Cette préoccupation générale des esprits a donné naissance à une entreprise presque ignorée qui peut changer le sort d’une partie de la race humaine.

Redoutant les dangers que je viens de décrire, un certain nombre de citoyens américains se réunirent en société dans le but d’importer à leurs frais sur les côtes de la Guinée les nègres libres qui voudraient échapper à la tyrannie qui pèse sur eux[1].

En 1820, la société dont je parle parvint à fonder en Afrique, par le 7e  degré de latitude nord, un établissement auquel elle donna le nom de Liberia. Les dernières nouvelles annonçaient que deux mille cinq cents nègres se trouvaient déjà réunis sur ce point. Transportés dans leur ancienne patrie, les noirs y ont introduit des institutions américaines. Liberia a un système représentatif, des jurés nègres, des magistrats nègres, des prêtres nègres ; on y voit des temples et des journaux, et, par un retour singulier des vicissitudes de ce monde, il est défendu aux blancs de se fixer dans ses murs[2].

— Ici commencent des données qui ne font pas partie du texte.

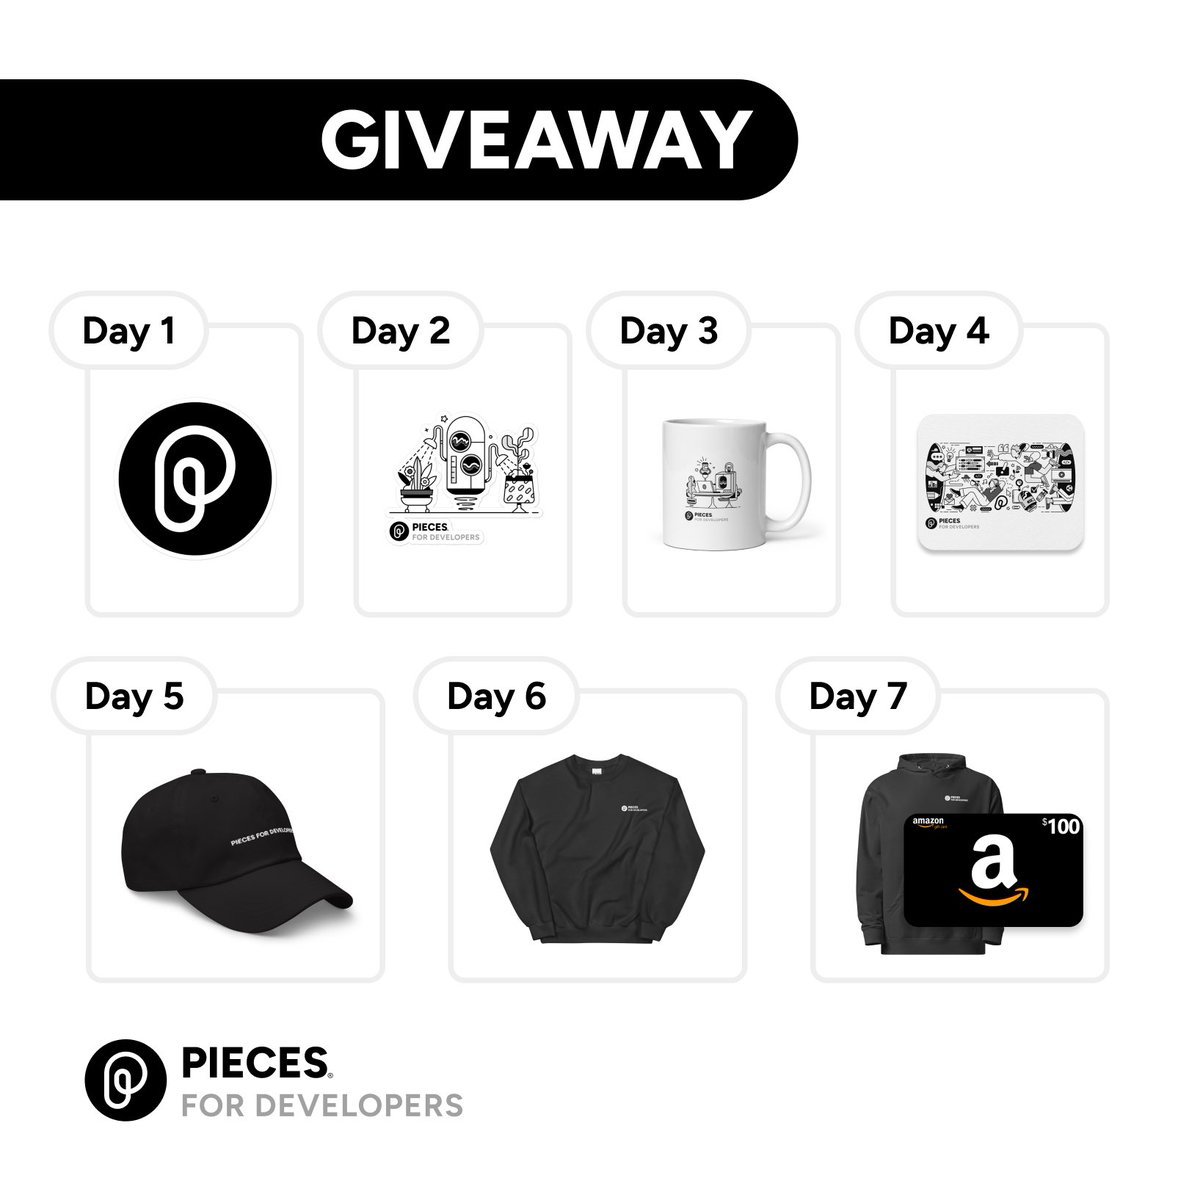 🎁𝗣𝗜𝗘𝗖𝗘𝗦 𝗙𝗢𝗥 𝗗𝗘𝗩𝗘𝗟𝗢𝗣𝗘𝗥𝗦 𝗚𝗜𝗩𝗘𝗔𝗪𝗔𝗬🎁 To celebrate the launch of our new Pieces Shop, we’re kicking off 7 days of merch giveaways!  To enter the giveaway: 1. Like & RT 𝘁𝗵𝗶𝘀 post 2. Make sure you’re following @getpieces Earn an extra entry for each…
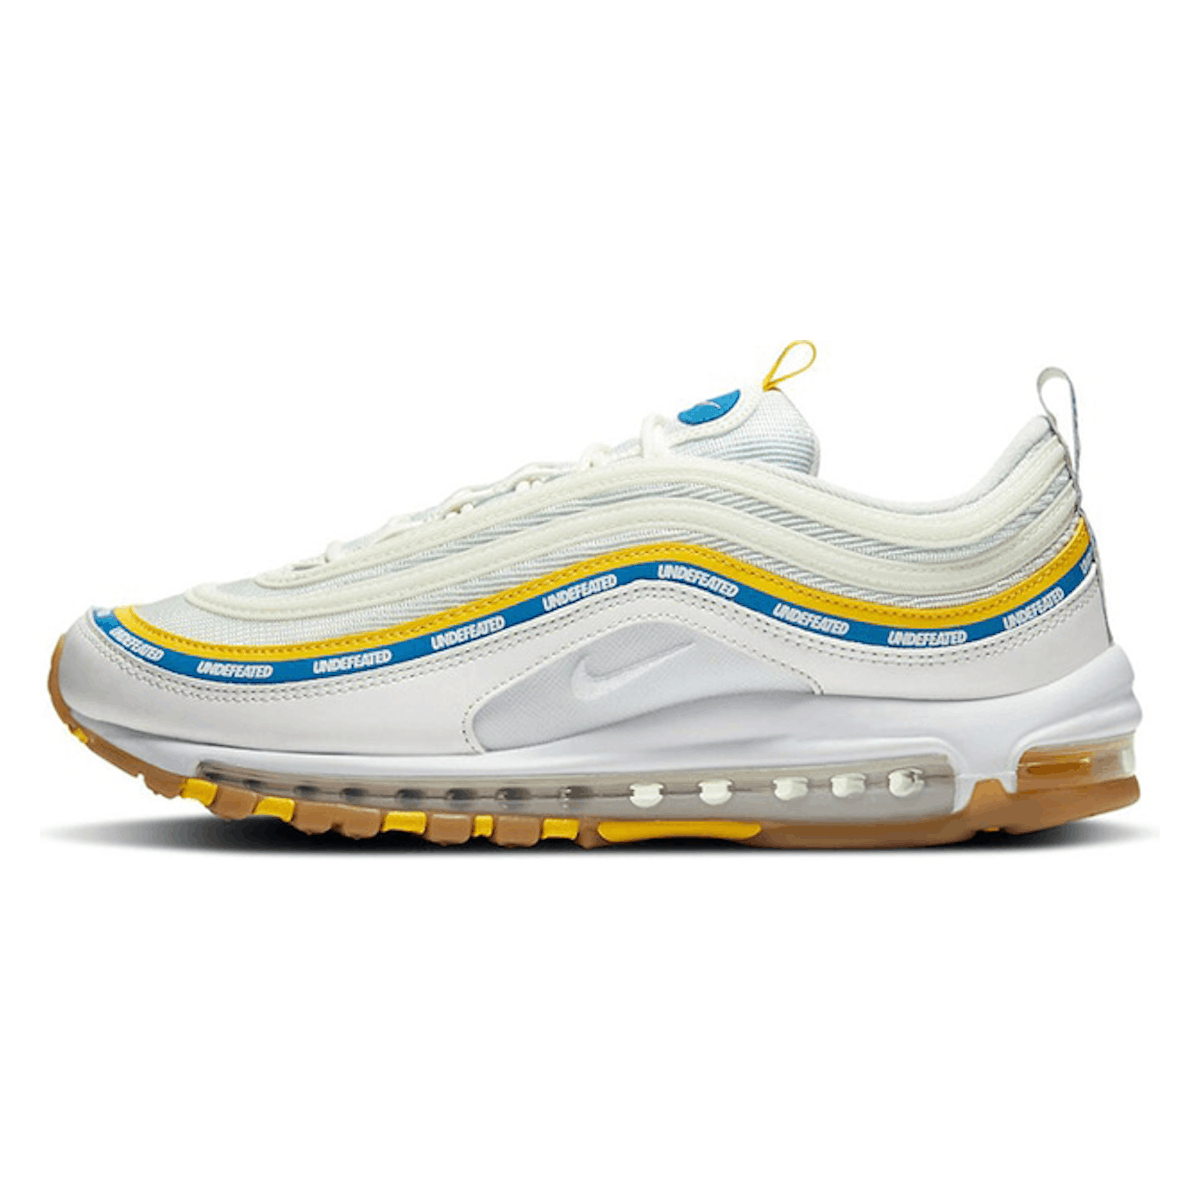 UNDEFEATED x Nike Air Max 97 "White"

Voilà à coup sûr un étrange jeu de la fortune ! Deux

  1. Cette société prit le nom de Société de la Colonisation des noirs.

    Voyez ses rapports annuels, et notamment le quinzième. Voyez aussi la brochure déjà indiquée intitulée : Letters on the Colonisation Society and on its probable results, par M. Carey. Philadelphie, avril 1833.

  2. Cette dernière règle a été tracée par les fondateurs eux-mêmes de l’établissement. Ils ont craint qu’il n’arrivât en Afrique quelque chose d’analogue à ce qui se passe sur les frontières des États-Unis, et que les nègres, comme les Indiens, entrant en contact avec une race plus éclairée que la leur, ne fussent détruits avant de pouvoir se civiliser.